Monday, April 11, 2011

Esquisse 1

Left: Interior of New Museum, starkly white, heavily contemporary. Flexible but static. Right: 798 factory, designed by German engineers in 1950's. Specific but responsive, heavy but adaptable - much more potent.




This discussion became the premise for my first esquisse.

An archetype: concept diagram

The task was a sketch design of a building that is conceived and built with the intention for adaptive re-use: specifically to be converted into three different programs over time.

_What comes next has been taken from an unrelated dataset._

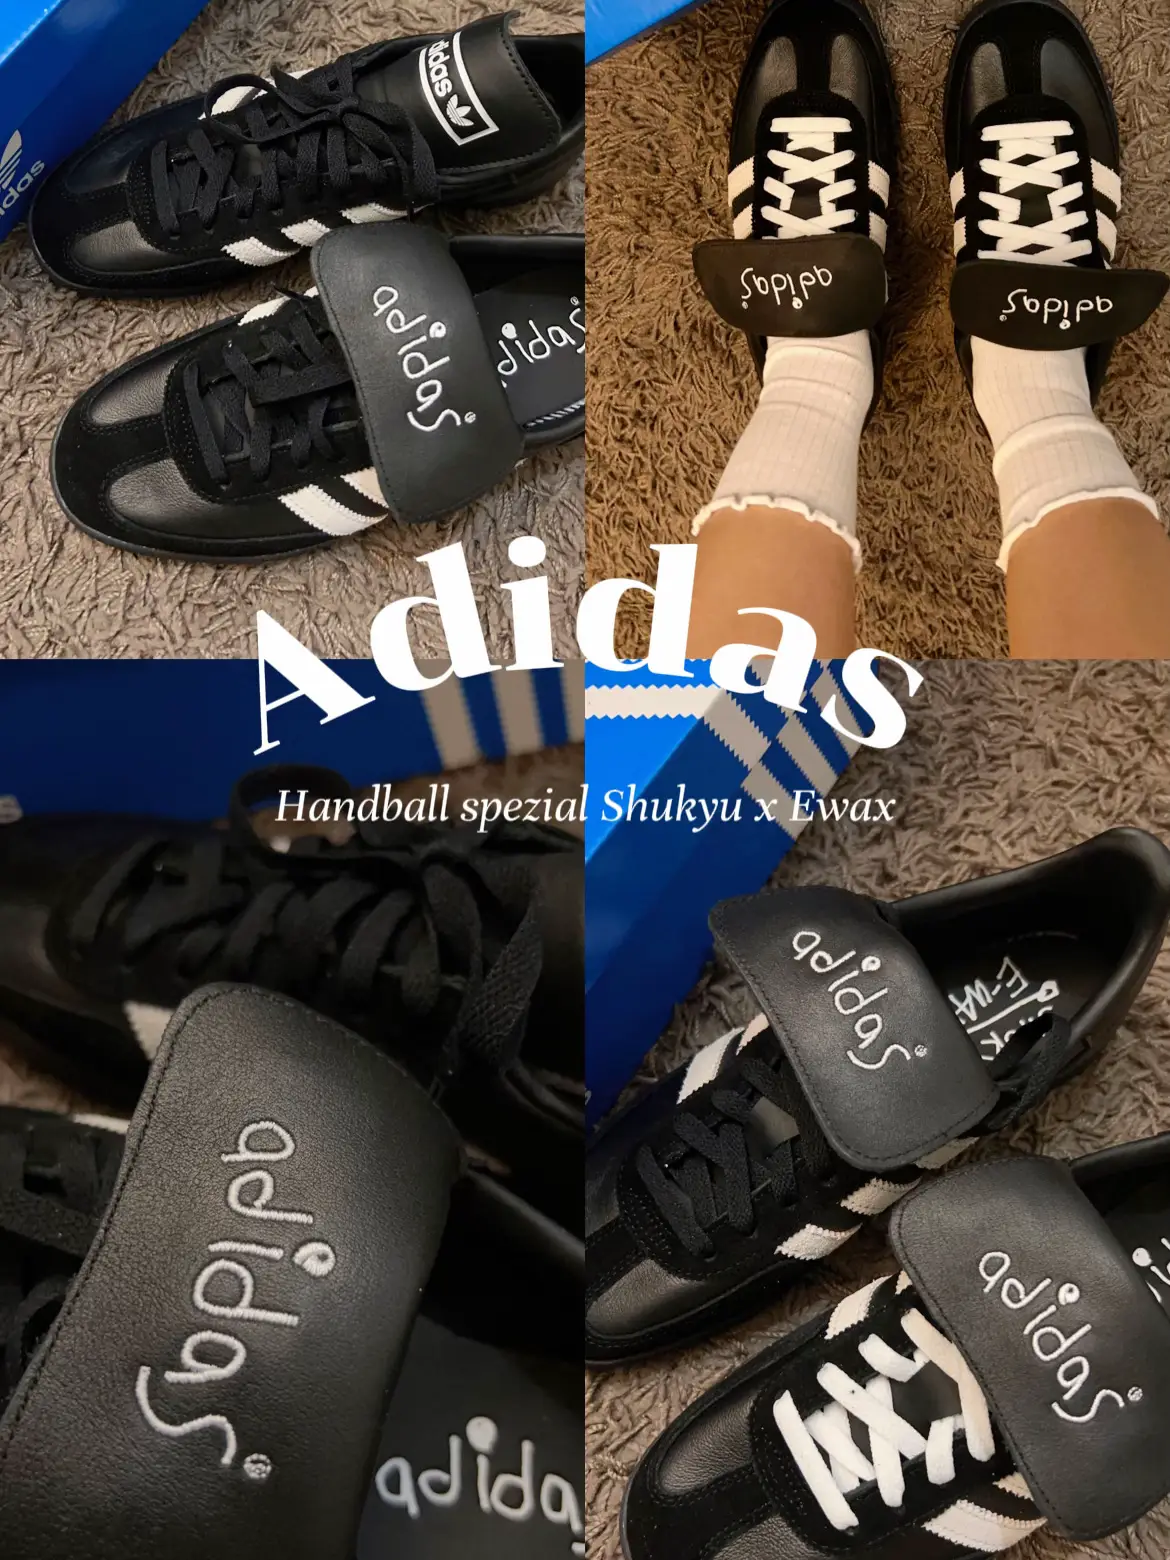 Adidas handball special shukyu x ewax❕ | Gallery posted by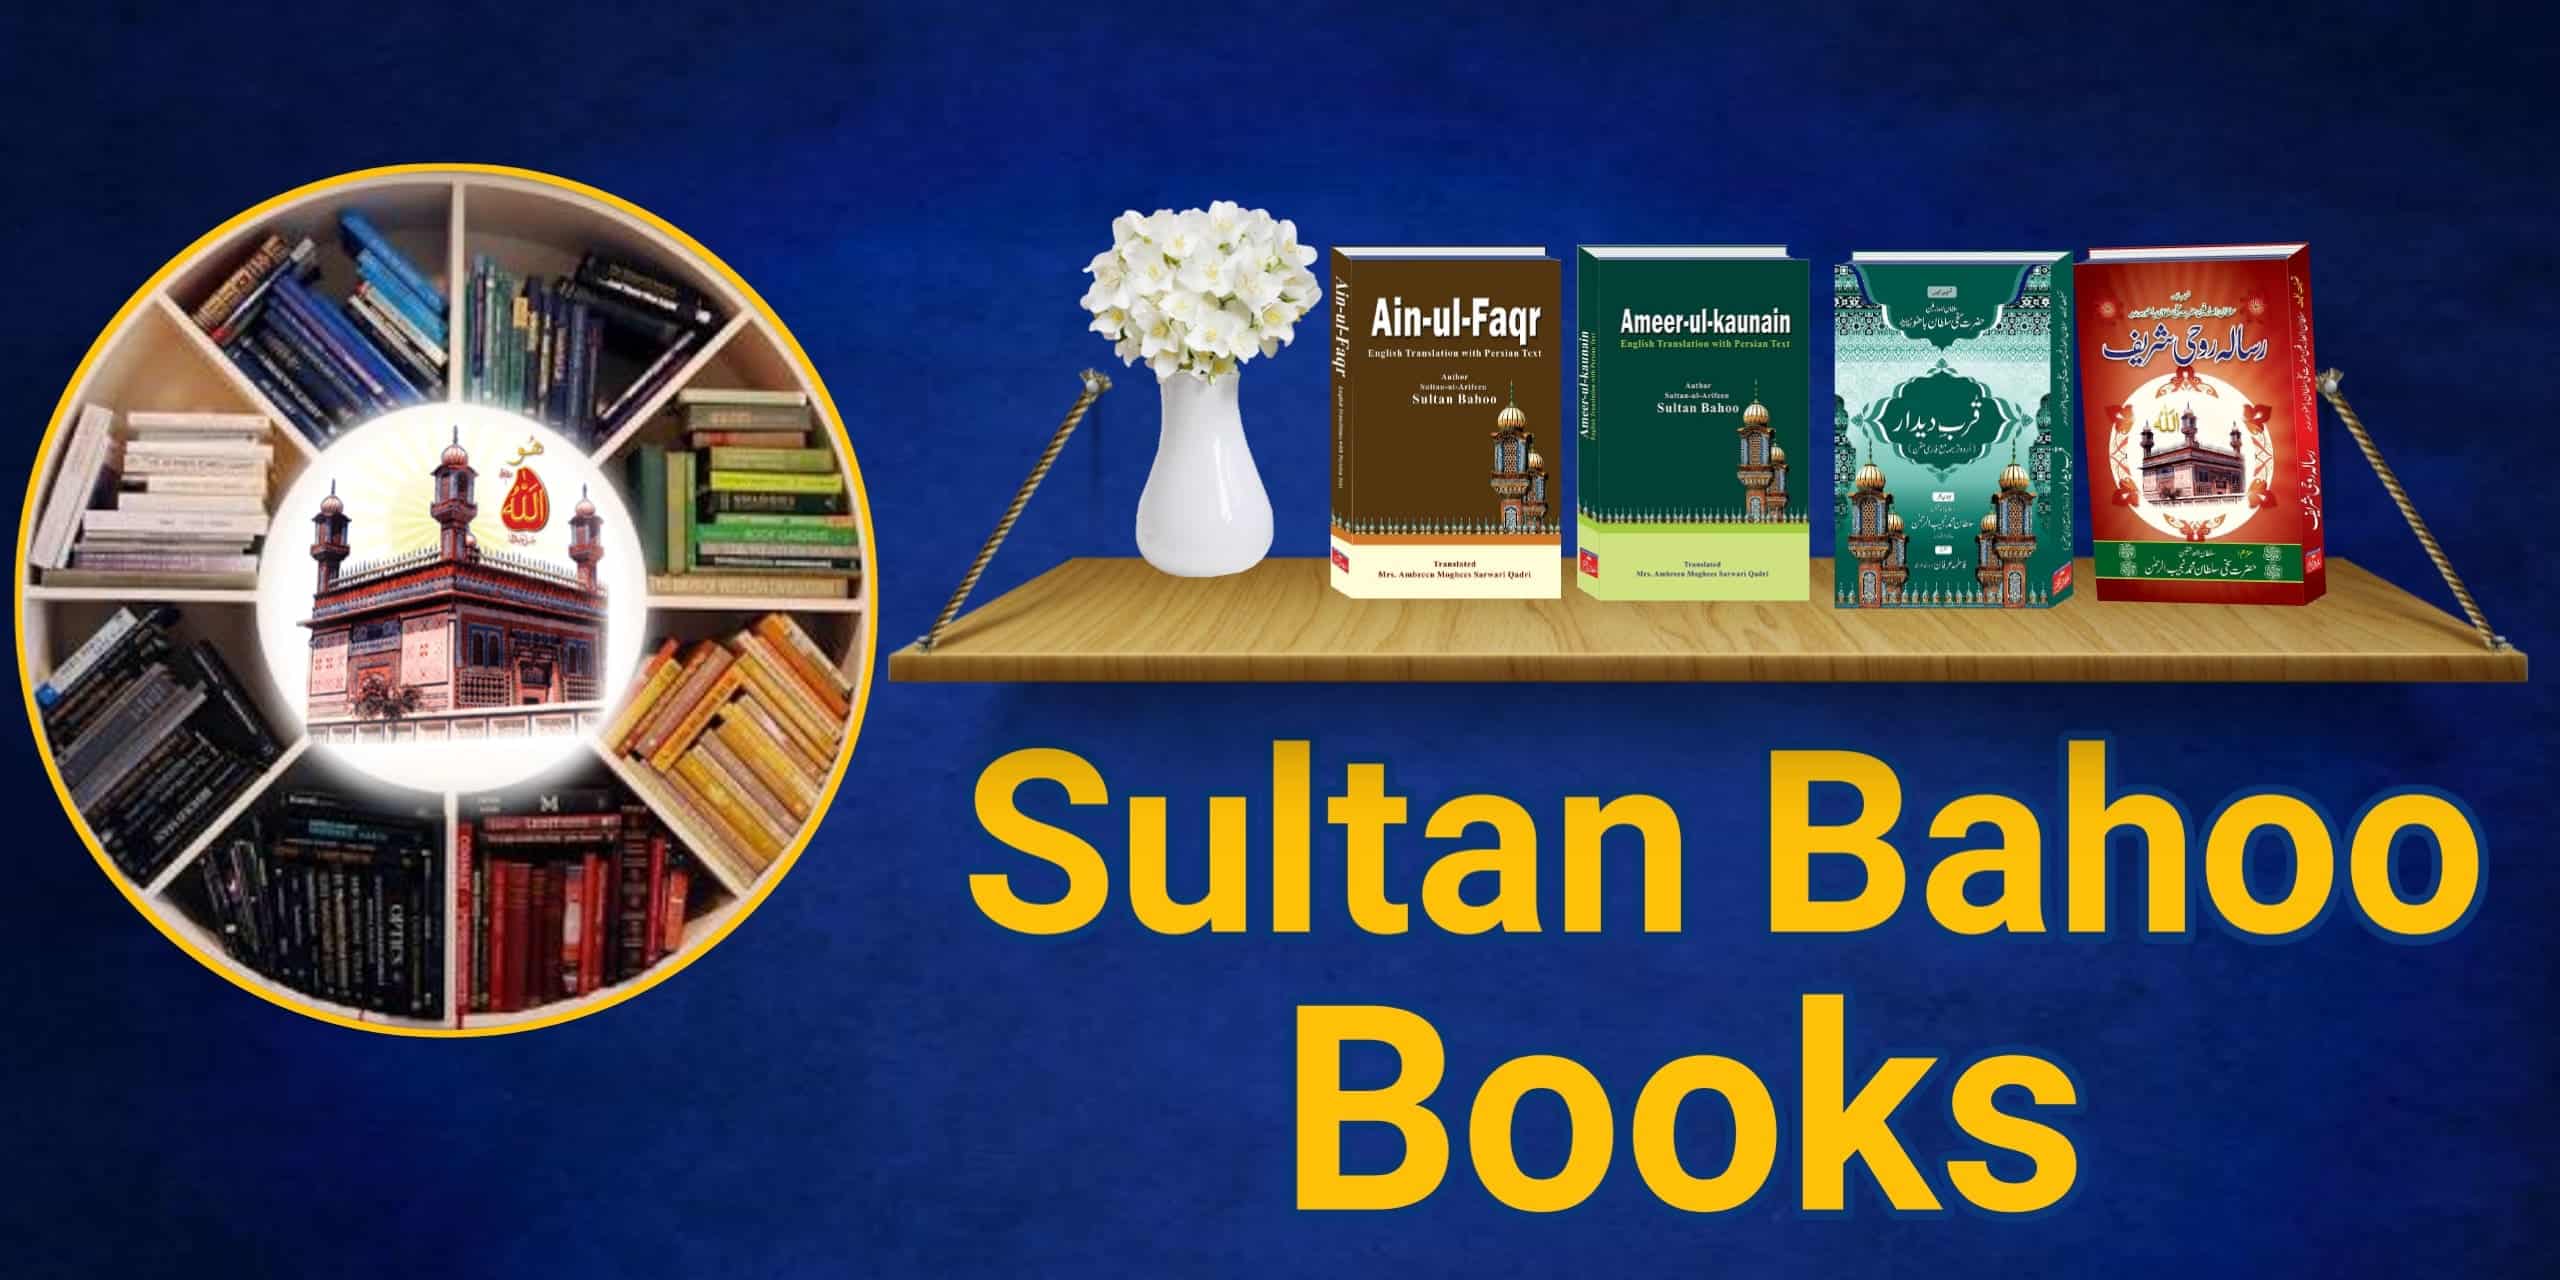 Sultan Bahoo Books

The design was developed around an archetype, the simple image of the kind of house elevation that we all have in mind - a pentagon formed out horizontal base, two vertical walls and the two sloping pitches of the roof.This form was then stretched out and elongated along the roof slope section and then repeated three times in different sizes. This approach tests the robustness of an archetype rather than a specific building type - It questions whether there are specific shapes that are both enduring and accommodating to spatial functions. 

Site Plan

Stage 1: Residential. The building begins as three separate dwellings of varying heights. The dwellers can find their own homely environment inside each little individual 'house' scaled to their size and connected to their roots.
Stage 2: Kindergarten. The second phase sees the building transformed into a kindergarten. The entry is situated between two houses, and the three units are linked to each other by means of glazed connectors that ensure daylight. While the overall roof line references the archetype, the 'houses' are still distinctively individual, they help children get their bearings and understand the spatial and social organization of the school.

Stage 3: Gallery/Cafe. Thirdly, we see the building evolve into a gallery. Internal partitions are removed, and additional bridges are added.


I think the transformation of this archetype give endless possibilities. It is essentially a protective shell that holds spaces and functions, but at the same time, it is highly figurative, so it defines the overall images of the individual structures. The possibilities for adaptive design are inherent in the archetype.